The importance of the problem would seem to be sufficiently obvious. But politicians know that the subject is unpopular. The unborn have no votes. Employers like a surplus of labour, which can be drawn upon when trade is good. Militarists want as much food for powder as they can get. Revolutionists instinctively oppose any real remedy for social evils; they know that every unwanted child is a potential insurgent. All three can appeal to a quasi-religious prejudice, resting apparently on the ancient theory of natural rights, which were supposed to include the right of unlimited procreation. This objection is now chiefly urged by celibate or childless priests; but it is held with such fanatical vehemence that the fear of losing the votes which they control is a welcome excuse for the baser sort of politician to shelve the subject as inopportune. The Socialist calculation is probably erroneous; for experience has shown that it is aspiration, not desperation, that makes revolutions.

Title: Population Growth: Realities and Remedies.

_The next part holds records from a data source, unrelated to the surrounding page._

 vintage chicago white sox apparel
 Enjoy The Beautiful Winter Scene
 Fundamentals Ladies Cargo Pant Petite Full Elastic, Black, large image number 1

Ignoring the population question reflects the deplorable condition of honesty in contemporary sociology. Despite state efforts on moral grounds, an effective monitoring mechanism is desperately needed to control population growth. The exponential growth of population will result in poor standard of living forcing sensible people to reproduce less. While the social unfits will continue to reproduce, thus, increasing the burden on natural resources. The politicians, Army and revolutionists are showing insensitivity towards the gravity of situation due to personal vested interests. The opponents of birth-control justify their stance through Humans natural right to reproduce. The socialists could be no wrong because its the spirit and not the strength of the people that makes revolutions.